United Kingdom Internal Market Bill Debate
Full Debate: Read Full DebateBaroness Noakes
Main Page: Baroness Noakes (Conservative - Life peer)Department Debates - View all Baroness Noakes's debates with the Department for Business, Energy and Industrial Strategy
(4 years, 1 month ago)
Lords ChamberMy Lords, I support the government amendments in this group, but I put my name down to speak in order to address the other amendments tabled by the noble Baroness, Lady Bowles of Berkhamsted. Like her, I am concerned about the heavy-handed penalties that could apply in respect of the CMA’s information powers under the Bill.
The CMA has extensive information powers under the Enterprise Act 2002, as the noble Baroness, Lady Bowles, explained, which are needed so that it can carry out its competition functions effectively, in particular in the face of companies or sectors that are resistant to one of the CMA studies.

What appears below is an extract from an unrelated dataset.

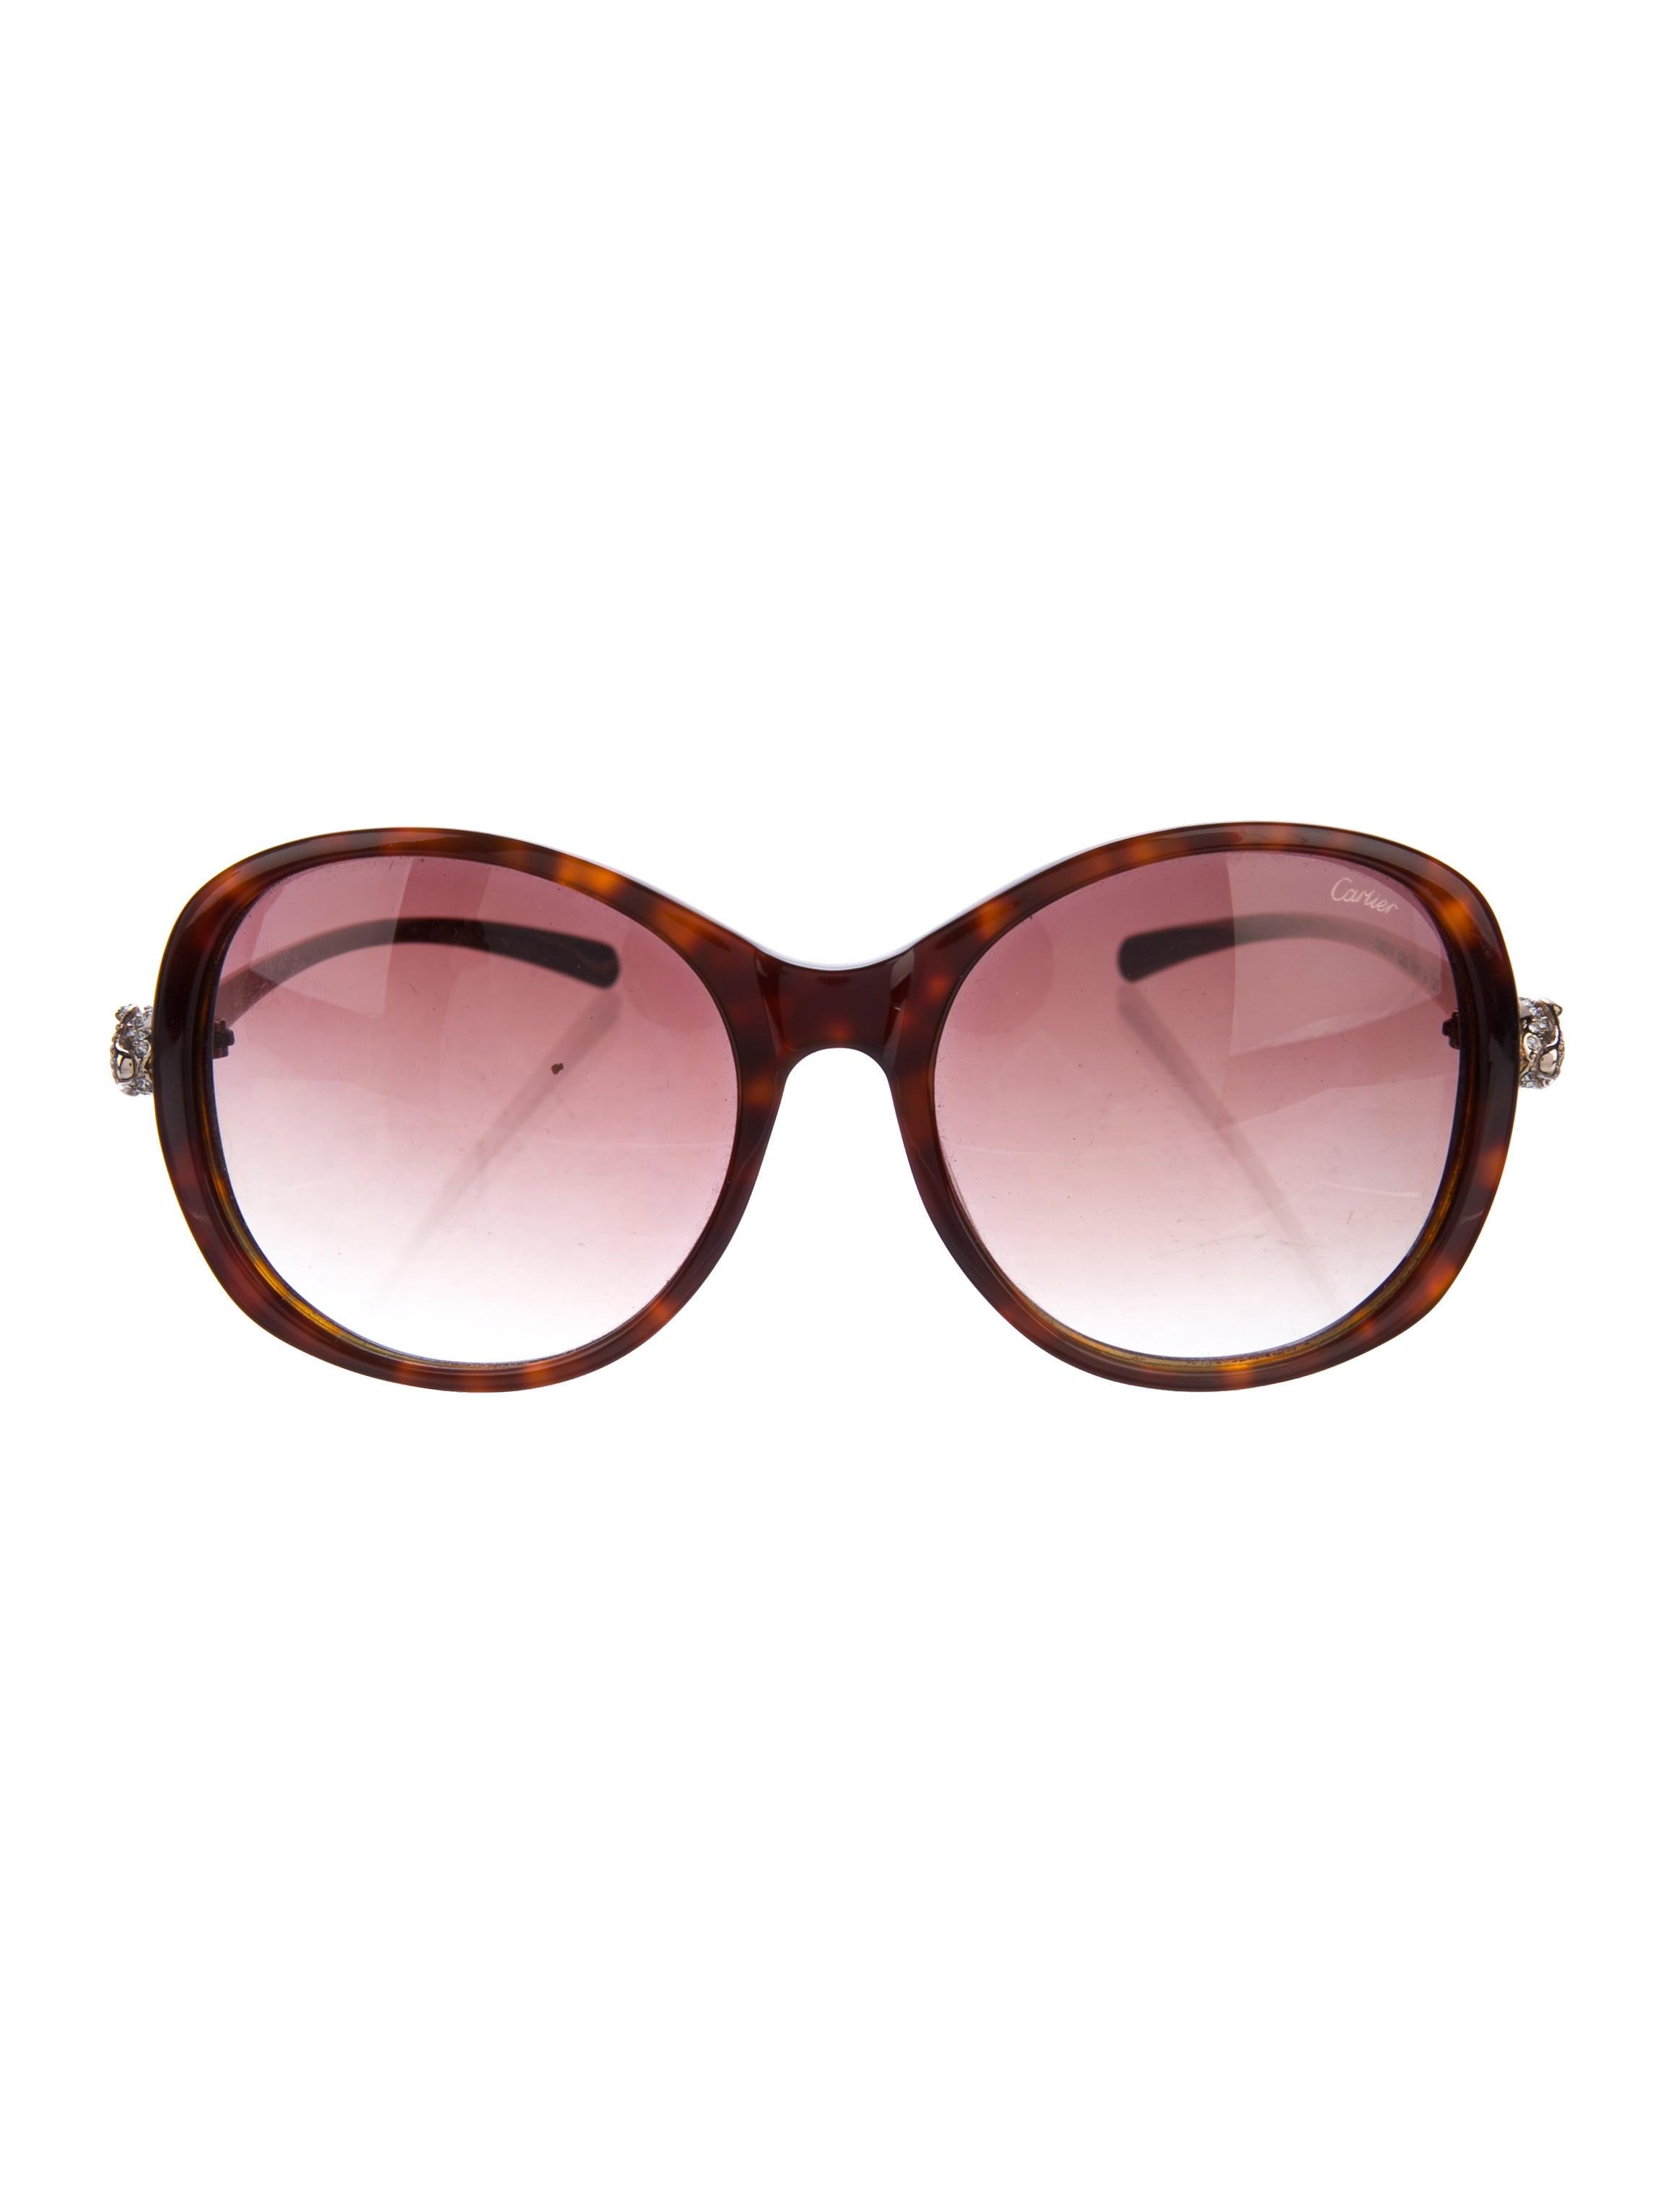 Cartier Panthère Gradient Sunglasses
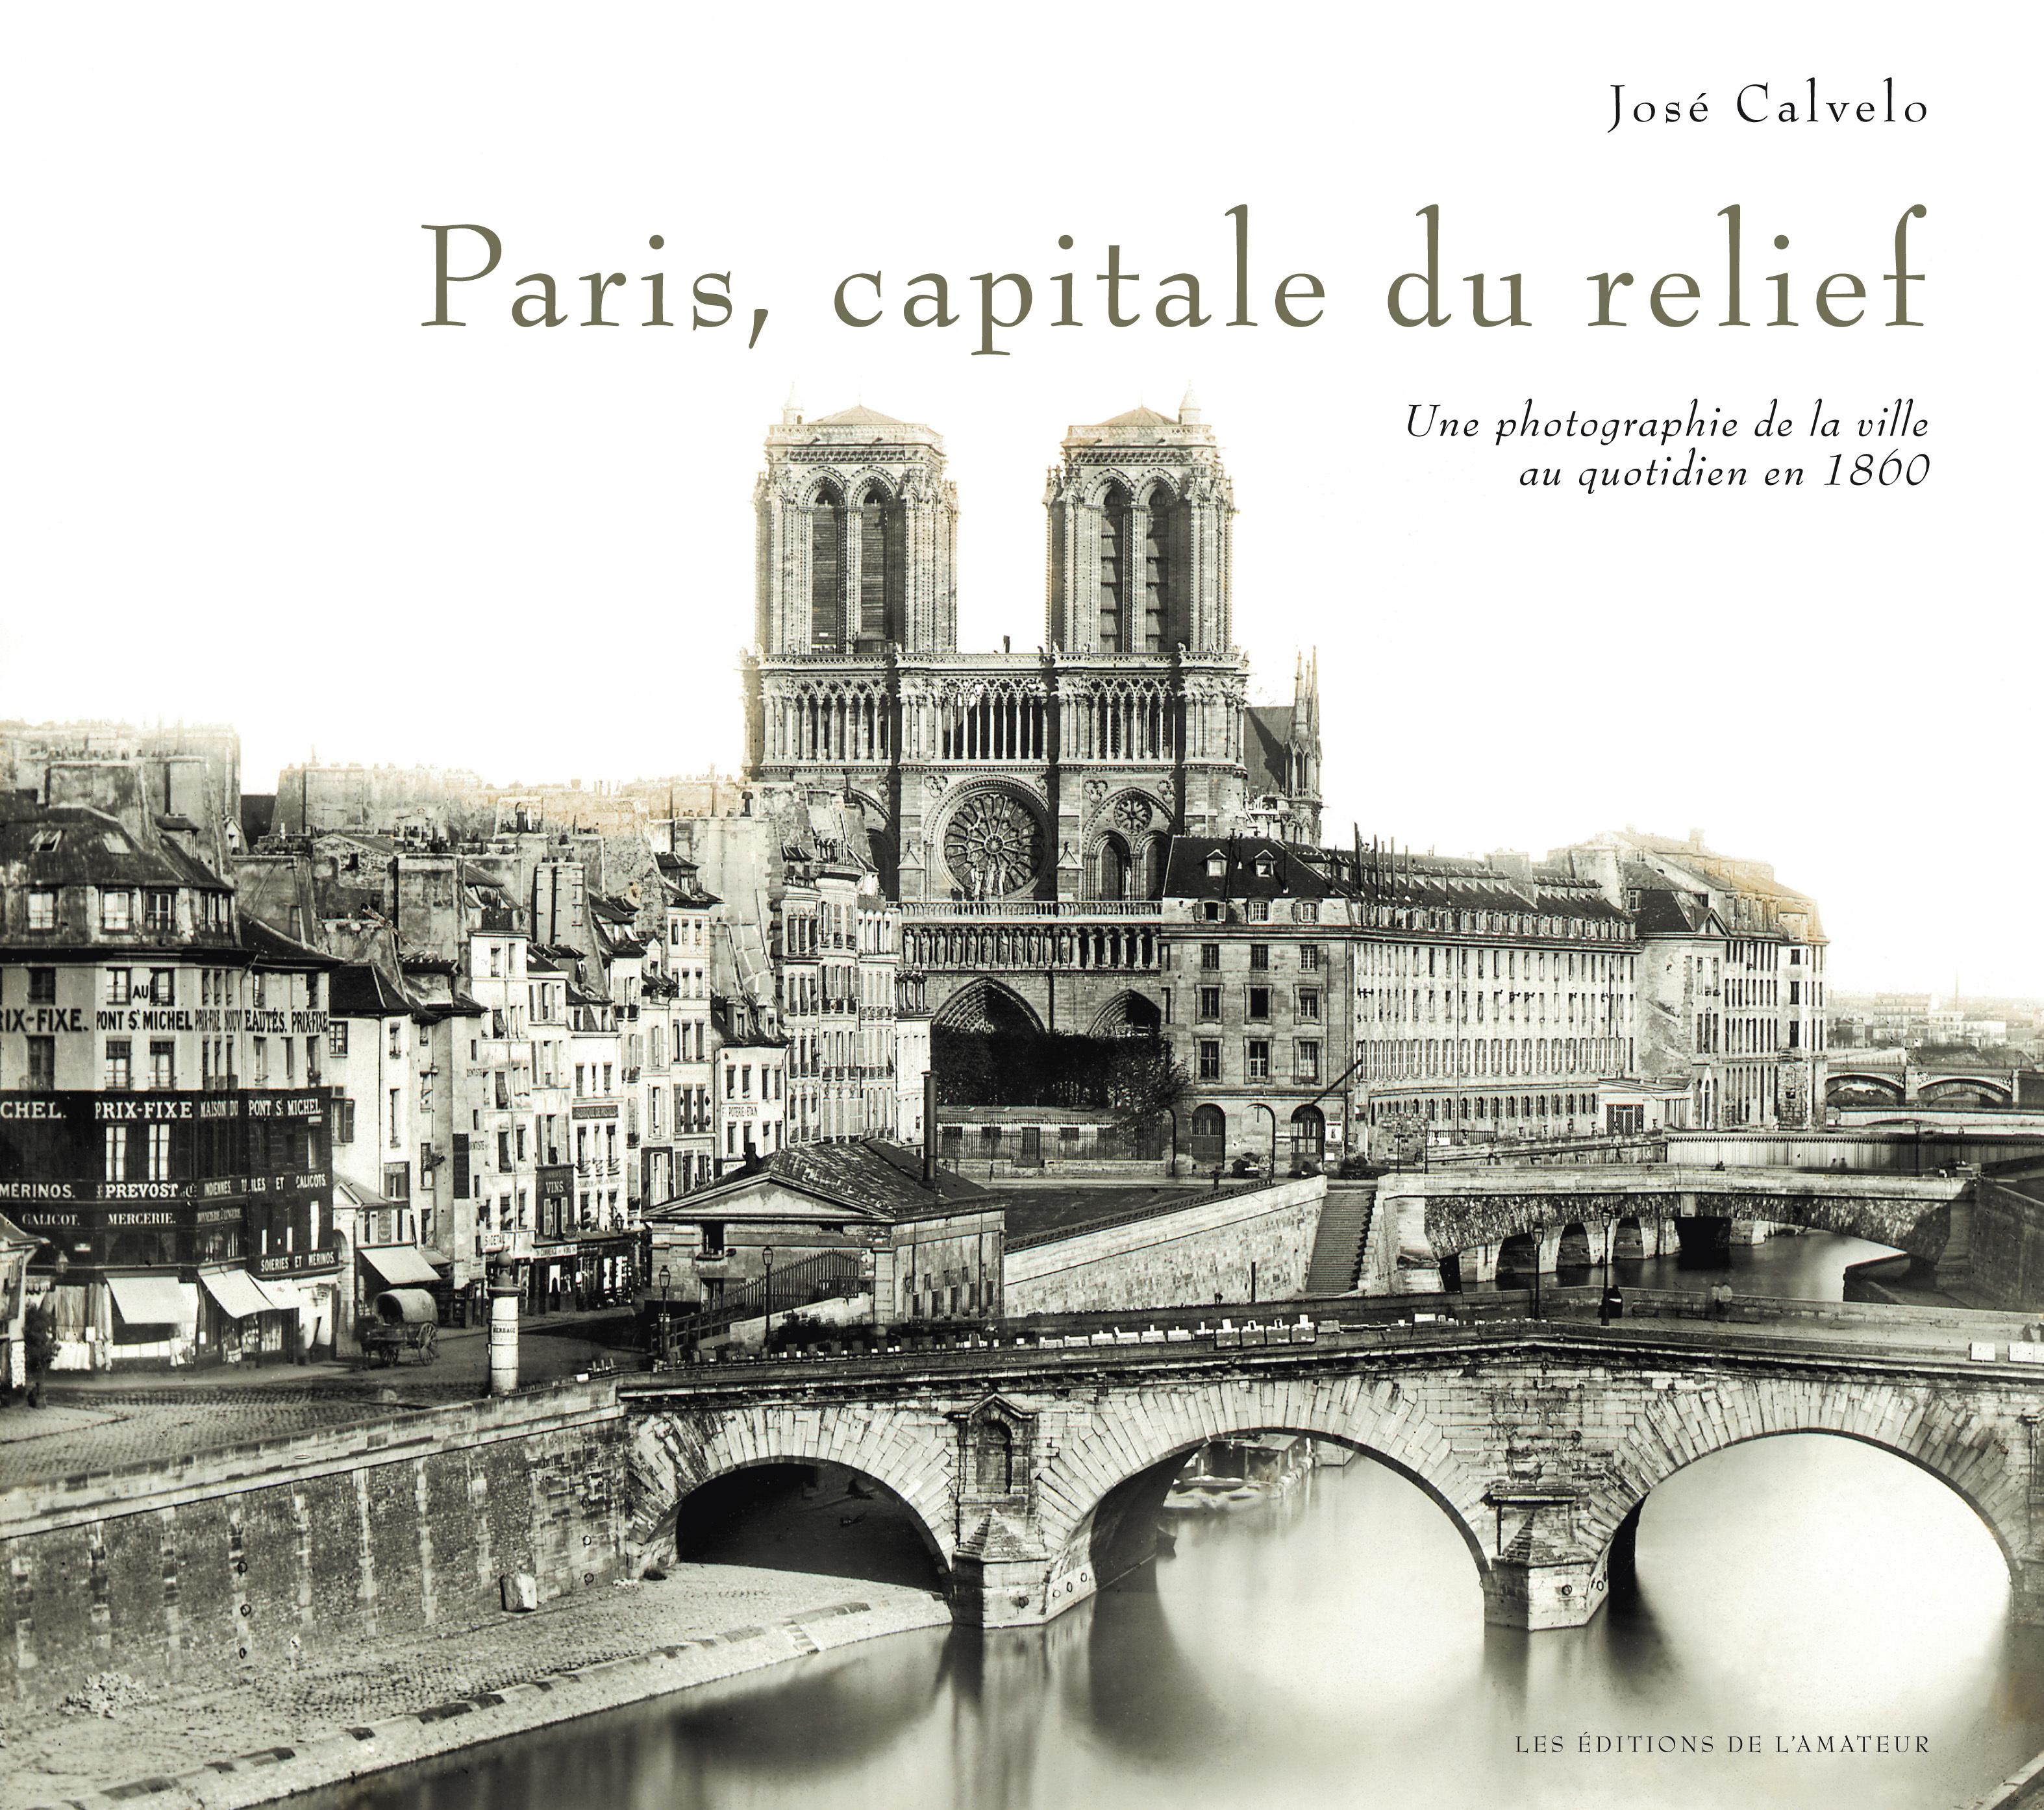 PARIS, CAPITALE DU RELIEF UNE PHOTOGRAPHIE DE LA VILLE AU QUOTIDIEN EN 1860

However, there has to be a serious question about the information powers put into the Bill in respect of the office for the internal market. It should be remembered there was no clear consultation on this during the summer, so the proposals have not had a lot of serious attention.
The OIM will of course be focused on the effectiveness of the internal market rather than the behaviour of companies or sectors. I understand that the OIM needs to build up a picture of intra-UK trade flows in order to understand the scope of what it is looking at, and it should have the ability to request that information. However, to back up that kind of information gathering with extensive penalties is not right. It stands in stark contrast with the Trade Bill, which sets up the possibility of requesting information from businesses in respect of international trade—but it is very clearly a request, with no compulsion. My noble friend Lord Grimstone of Boscobel confirmed that in Committee on the Trade Bill.
The office for the internal market may well want to gather information from the devolved Administrations or regulatory bodies within the devolved territories. For example, it could be looking at whether particular provisions have a detrimental effect. That sort of information gathering is largely within the public sector, and the enforcement provisions in Clauses 39 and 40 do not make sense in that context.
Can the Minister say who the “persons” in Clause 39, whom the Government expect to be served with a penalty notice, are? Could one of them be, for example, the First Minister in Scotland, or one of her Ministers? If not, why not? I suspect that the serious information that may need to be extracted at some stage will come from the devolved Administrations. Why should businesses, which will be the victims of any abuses of the internal market, be treated in the way envisaged in the Bill?
So I support the noble Baroness, Lady Bowles, in particular in her Amendment 62A to try to shield small companies from these powers. I listened carefully to what the Minister said in his introductory remarks, which were very helpful, but I remain concerned that the CMA will use inappropriately the powers given to it by the Bill. There are no safeguards against that, so I hope that my noble friend will take this away for further discussions between Report and Third Reading.
My Lords, I should declare an interest in that I have a partnership with my wife to look after 40 acres of woodland in Bedfordshire. I thank my noble friend on the Front Bench. I have worked on a great number of Bills in this and the other place, and it is good that when we discuss things in depth, right across the Chamber, problems are raised and the Minister listens. I welcome enormously Amendments 62 and 63.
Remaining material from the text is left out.